Leave the pictures out. Return all other data exactly.

Dataset section:
__________________________________________________

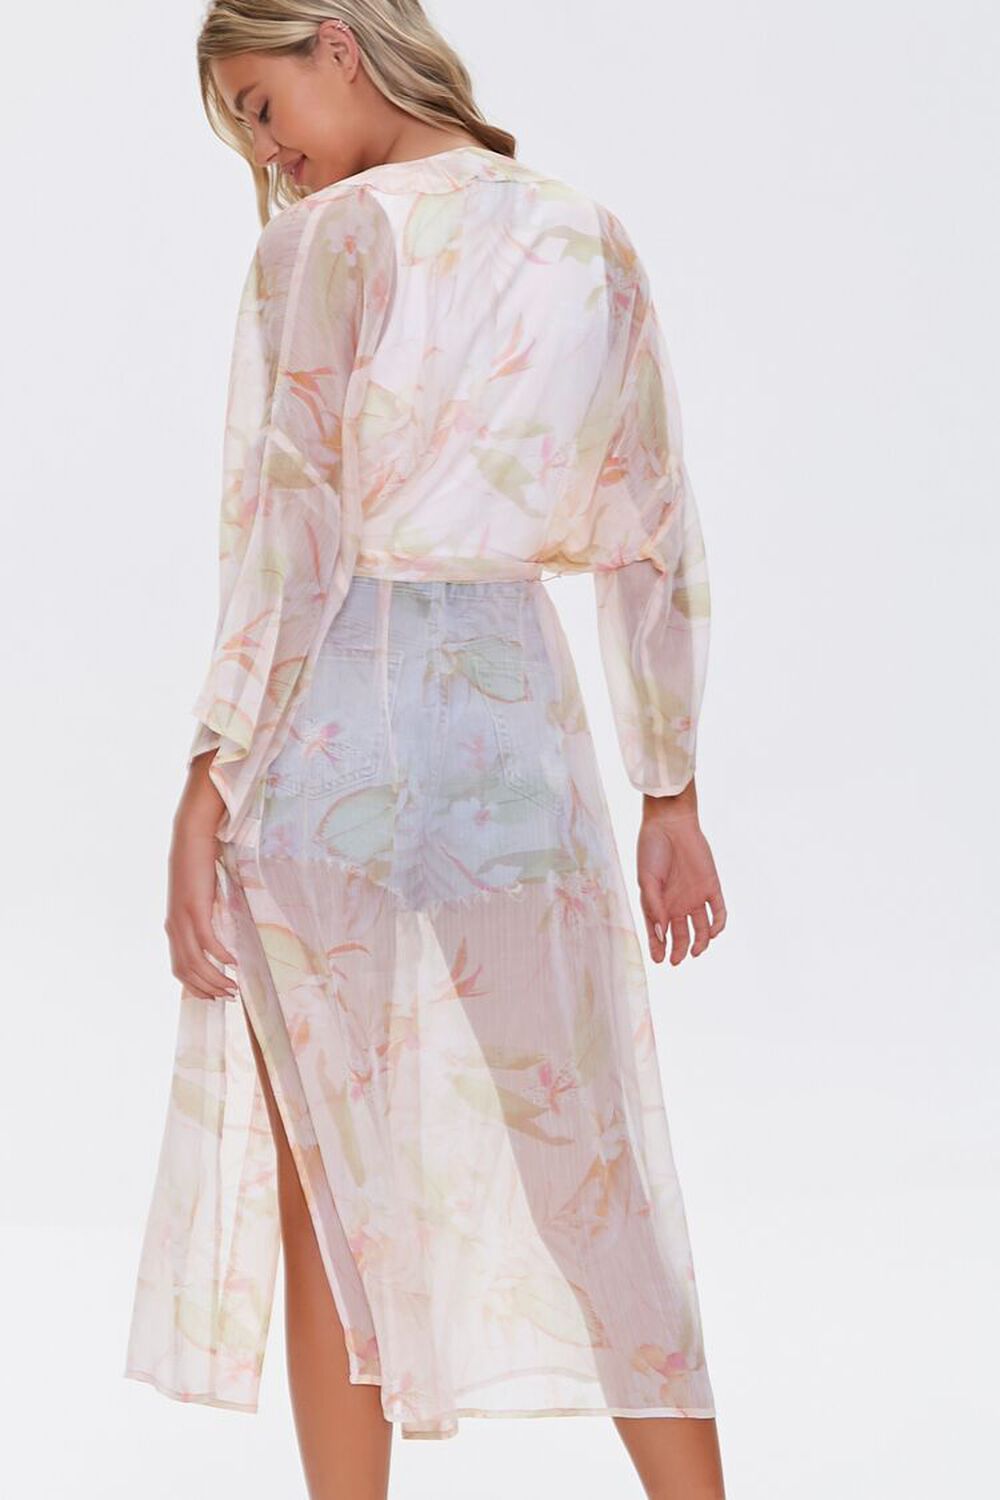 BLUSH/MULTI Tropical Floral Print Kimono, image 3
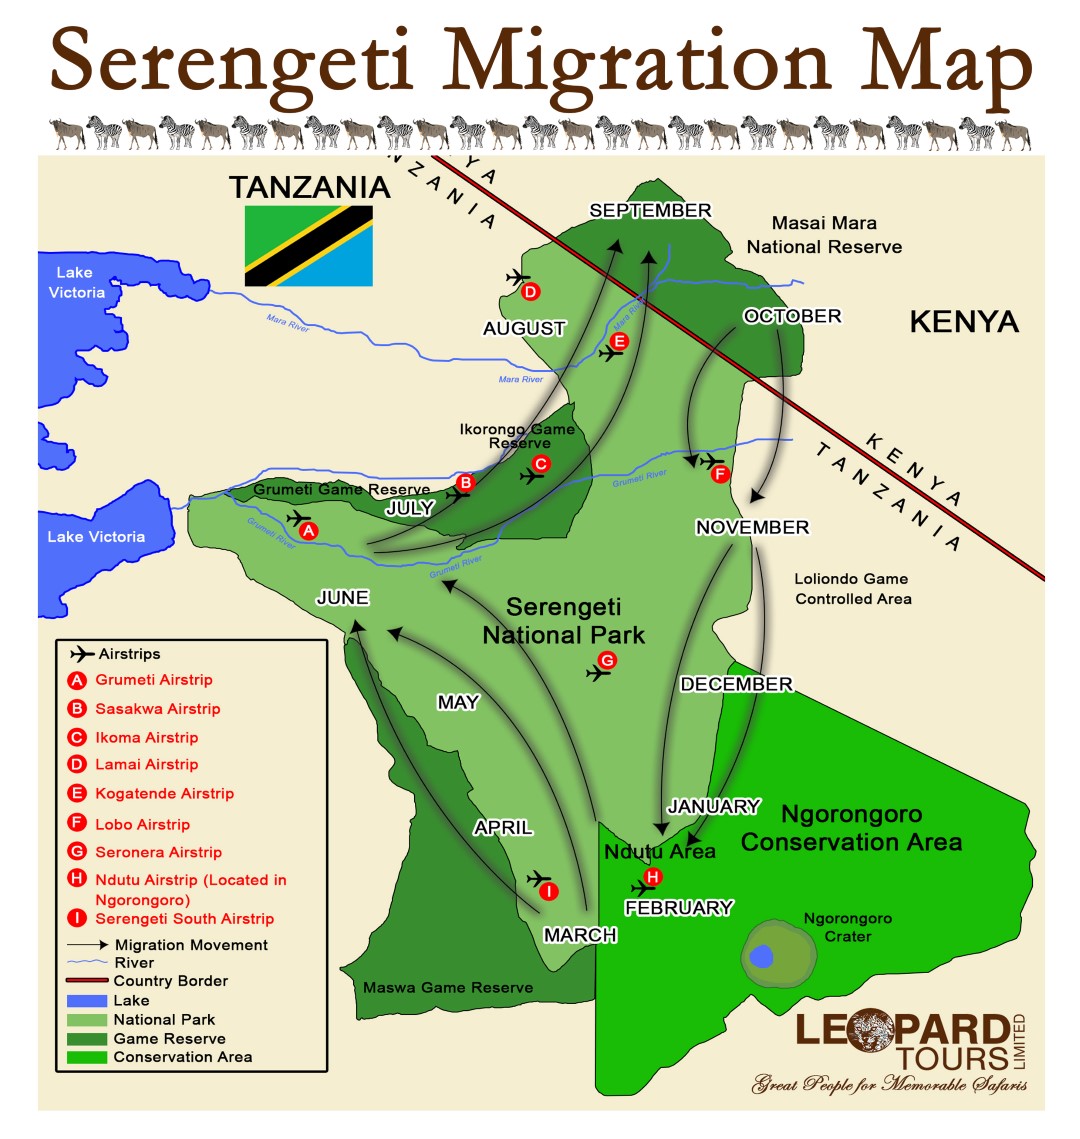 Serengeti-Migration-Map-Large.jpg
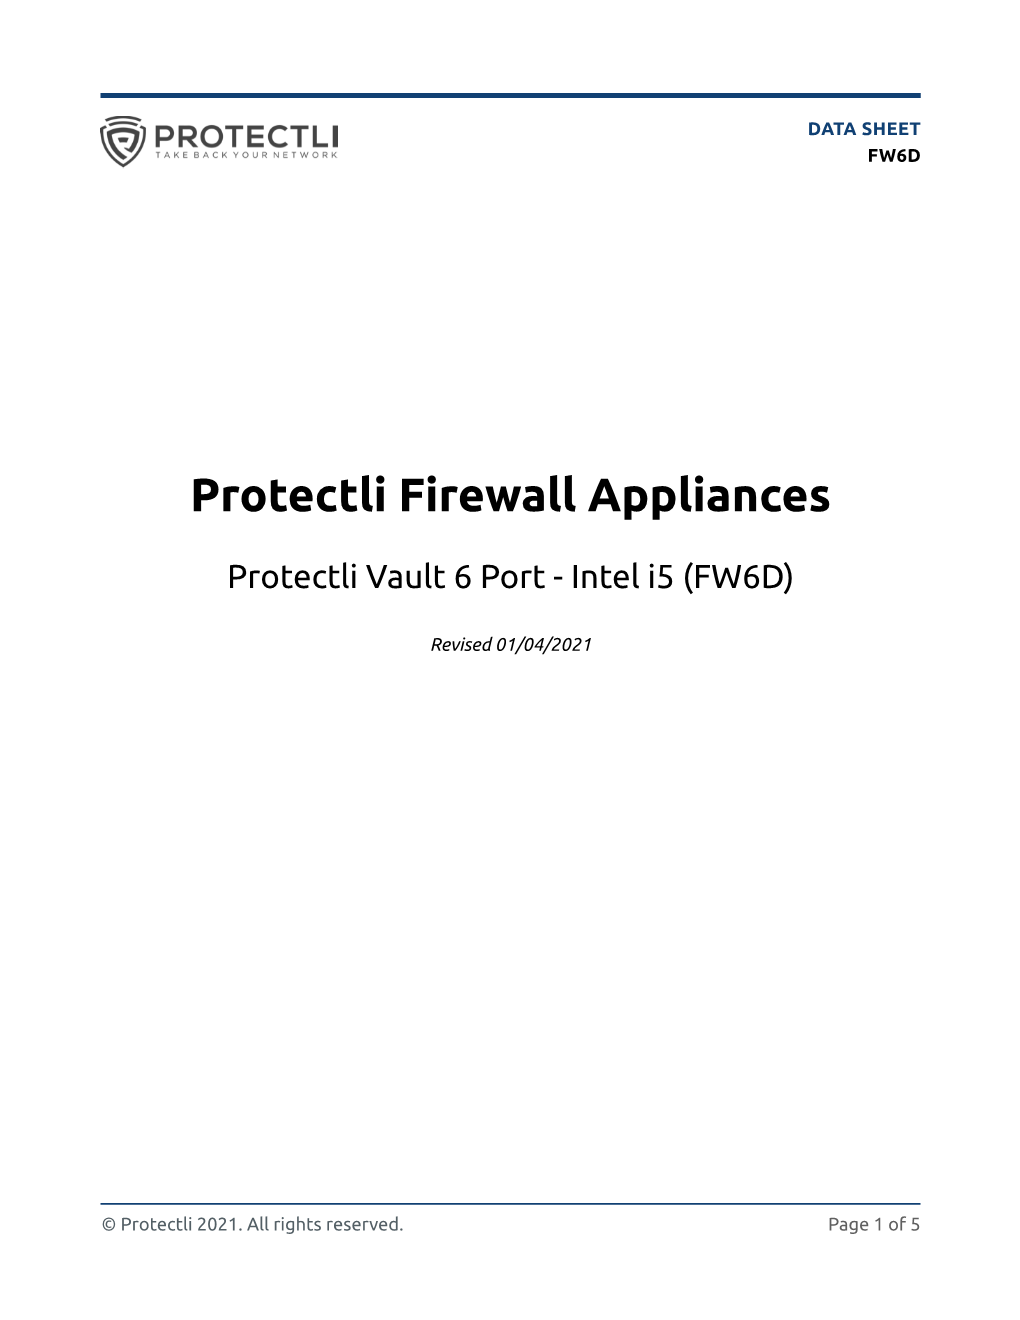 Protectli Firewall Appliances

__________________________________________________

Solved exercise:
 BLUSH/MULTI Tropical Floral Print Kimono, image 3
 Serengeti-Migration-Map-Large.jpg
 Protectli Firewall Appliances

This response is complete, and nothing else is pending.